Я, в предвкушении избавления, слегка возбуждённый, одевался для прогулки. Уже смешна казалась мне эта комната и та власть, которую, как ей представлялось, она надо мной возымела. Комната моя оставалась такой же тусклой и бесцветной, но зато ко мне вновь вернулся цвет. Уныло комната провожала меня, она понимала, что остаётся одна в своей серости (теперь она напоминала мне мертвеца); когда же я находился в комнате, то какие-то ее жалкие чувства — наверно, это желание, чтобы другому было так же плохо, — были удовлетворены: как сволочь-утопающий, который тянет за собой того, кто остался наплаву, так и она была довольна отравлением меня.

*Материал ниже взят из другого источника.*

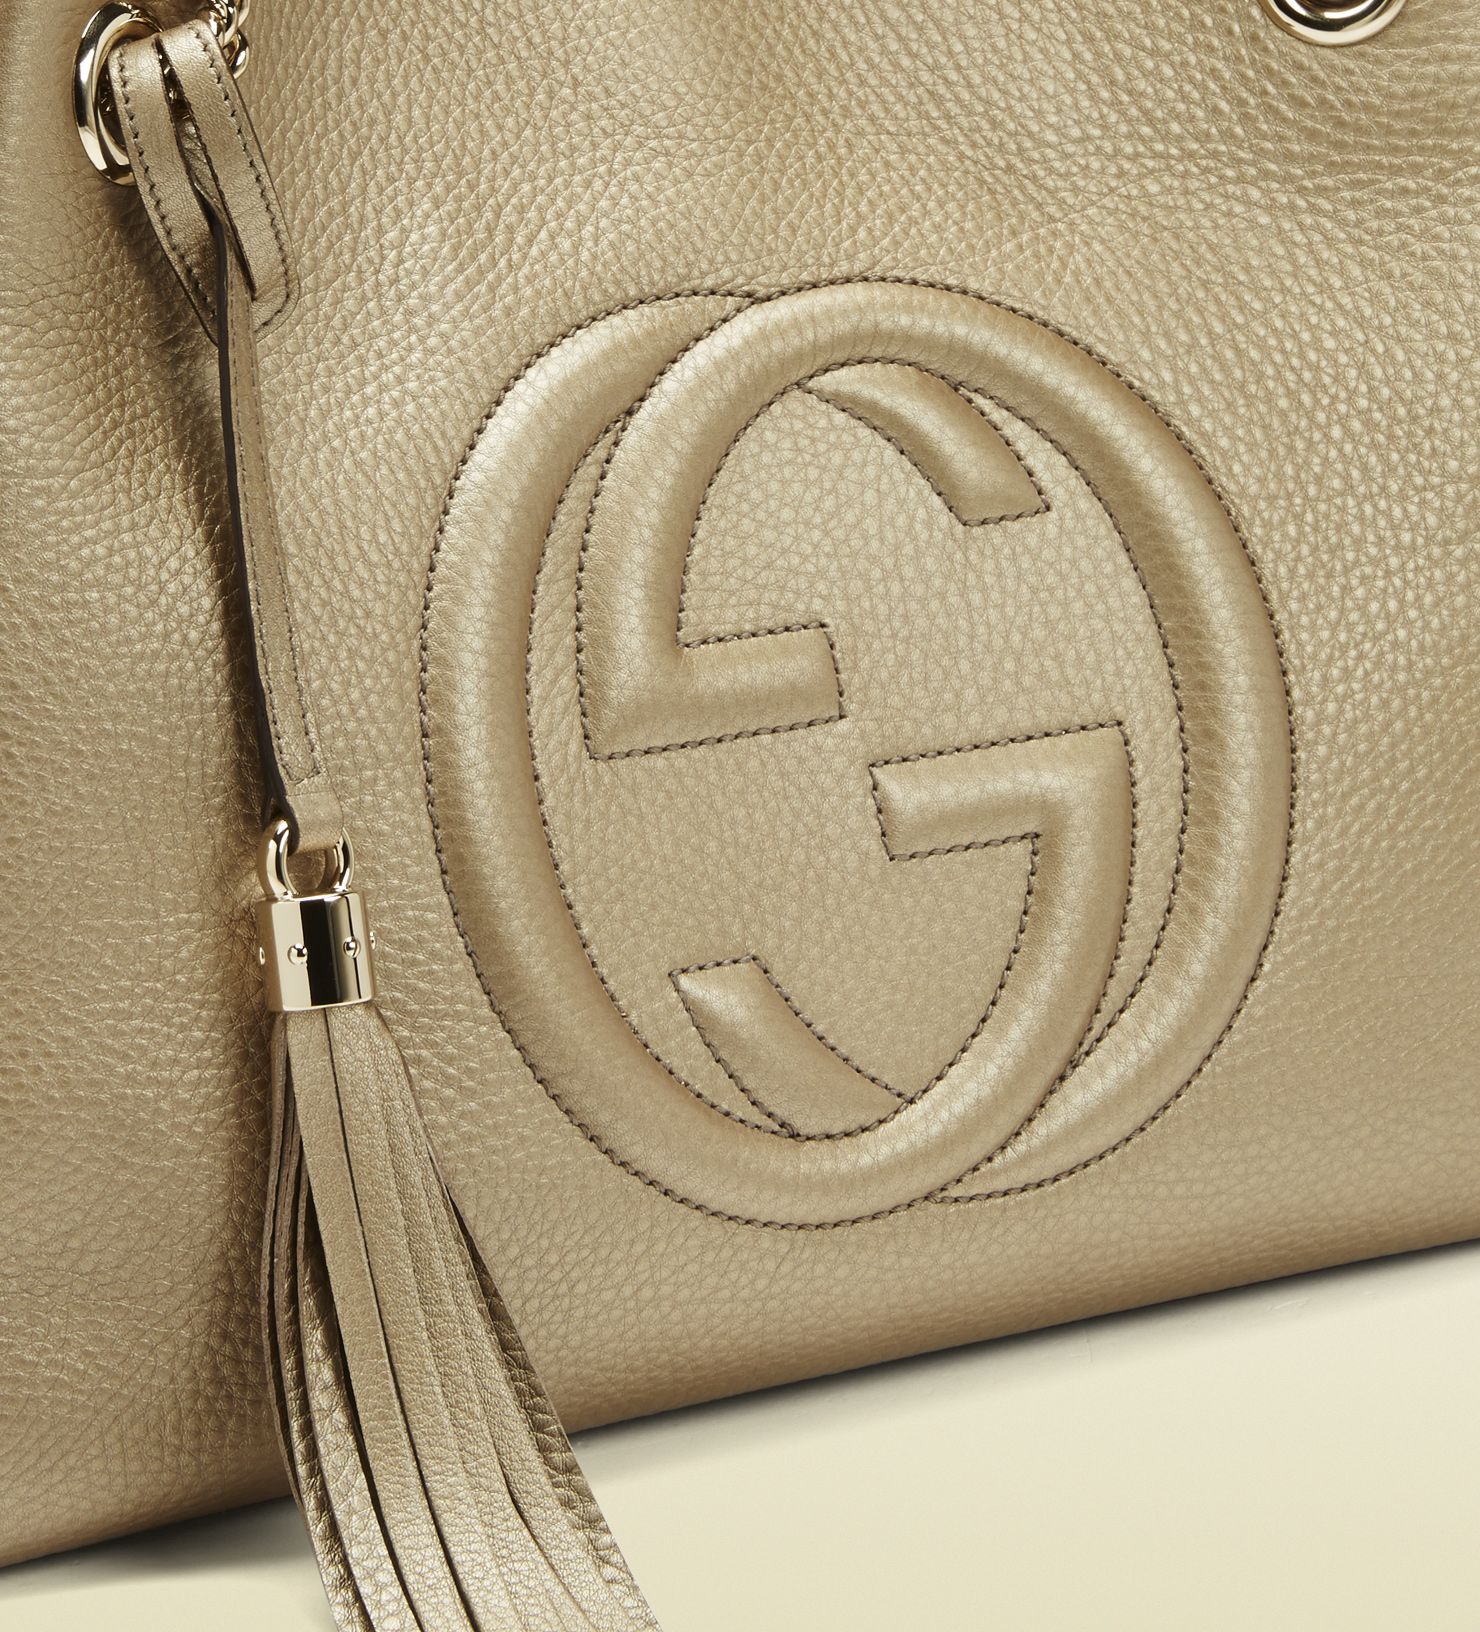 Gucci Soho Metallic Leather Shoulder Bag in Natural | Lyst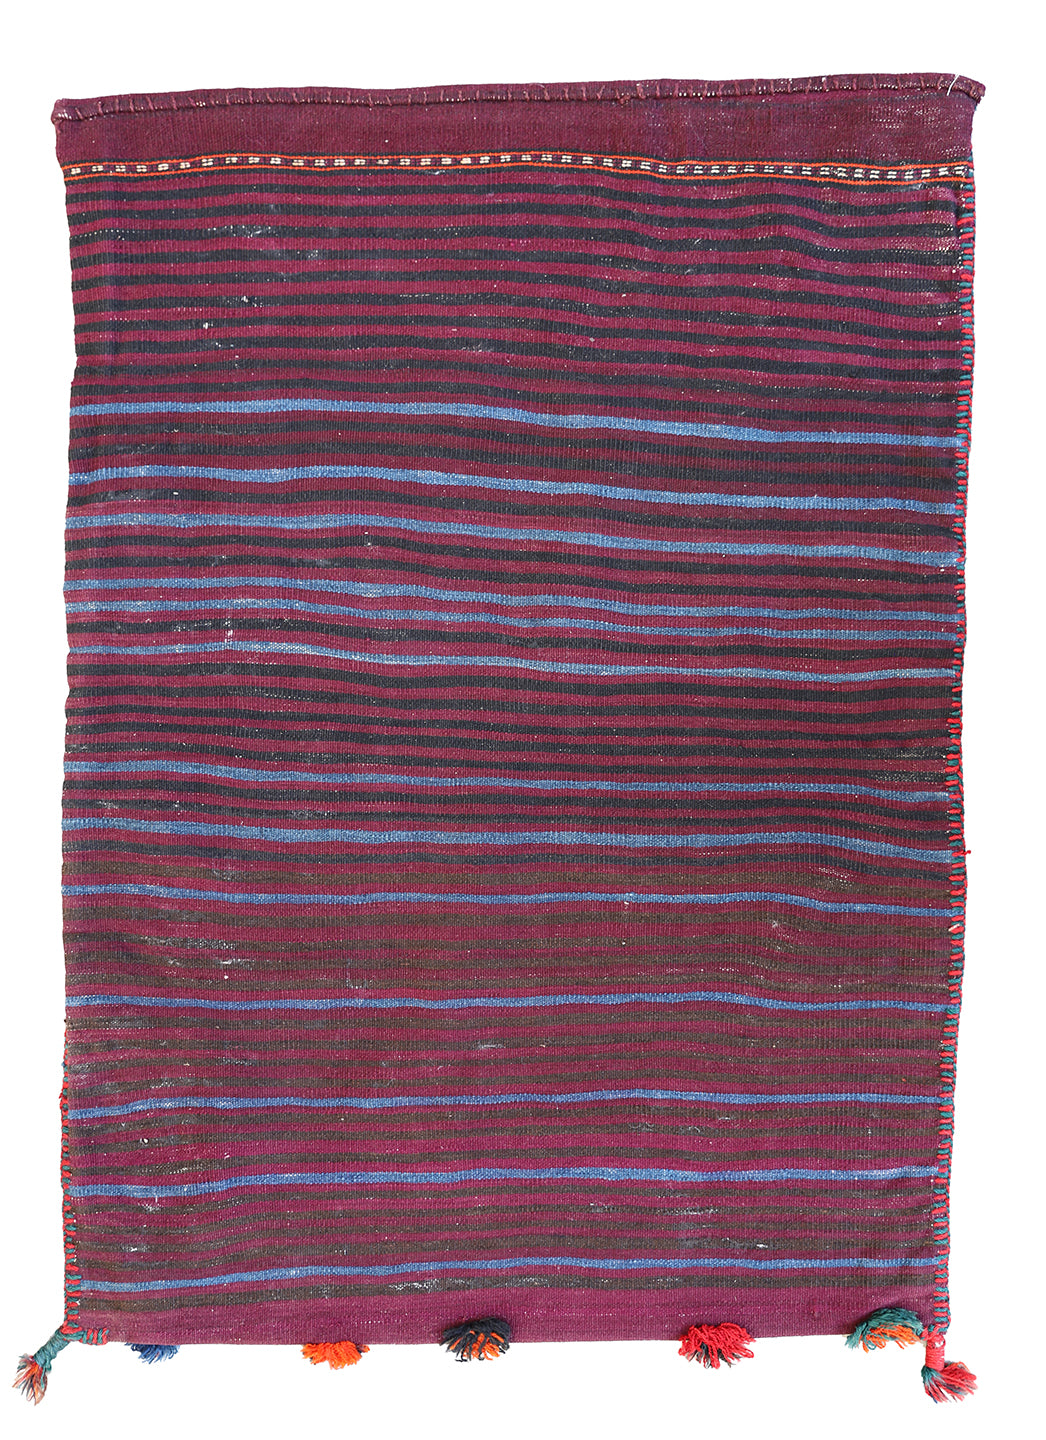 3'x4' Vintage Handwoven Tribal Storage Bag Rug

С чувством радости я закрыл комнату на ключ. Потом пошёл из своего отсека по замысловатым коридорам, выкрашенным в голубой цвет. Коридоры действительно сложно связаны между собой: они соединяются друг с другом в случайных местах, некоторые коридоры ведут в тупик, коридор может быть закольцован и тому подобное. Человек, первый раз пришедший сюда, чтобы, скажем, навестить кого-то, должен знать путь к комнате, потому что знание номера комнаты не очень-то и помогает. Знакомым маршрутом я спустился вниз. Я уже предвкушал прогулку, с помощью которой переживу этот вечер… Открыв дверь в парадном, я увидел свисающие с навеса капли. Я вышел на улицу. Воздух был действительно чудо как свеж. Но… моросил дождь. Я прошёл немного по бетонной дорожке. Капли были удивительно холодные, просто ледяные. Пеленой тумана они накрывали землю. Я остановился. Голова моя была уже сырая; куртка у меня без капюшона. Было крайне неприятно: я только нашел выход, только вдохнул краски — и тут дождь. Но мне нельзя дальше идти: я недавно отболел, а иммунитет у меня просто никакой — я обязательно захвораю. Придётся вернуться в комнату за зонтом.

Обратно по тесным коридорам и лестничной клетке — на четвёртый этаж. Обшарпанные стены, тени… Тишина. Лишь на втором этаже откуда-то из глубины коридора, быть может из сердцевины здания, доносятся отголоски вечернего копошения, которые для меня — самые скучные звуки, одуряющие своей духотой, которую они, несмотря на то что они звуки, навевают. Я быстро добежал до комнаты. Зашёл внутрь и включил свет. После полной жизнью улицы, моя обитель выглядела разлагающимся трупом; мне даже почудилось, что я чувствую этот запах разложения. Здесь всё так серо, всё так мертво… Я подошёл к вешалке. Но зонта там нет… А-ах… Нет зонта! Я же забыл, что недавно я случайно его порвал — пришлось выбросить.

 И мне показалось, что комната лыбится и сардонически смеётся. Я проиграл. Но все-таки посмотрю: может, дождя уже нет. Я подошел к окну и открыл боковую фрамугу. С улицы доносился шум дождя… Проклятье! Дождь меня отрезал, он стеной отгородил меня.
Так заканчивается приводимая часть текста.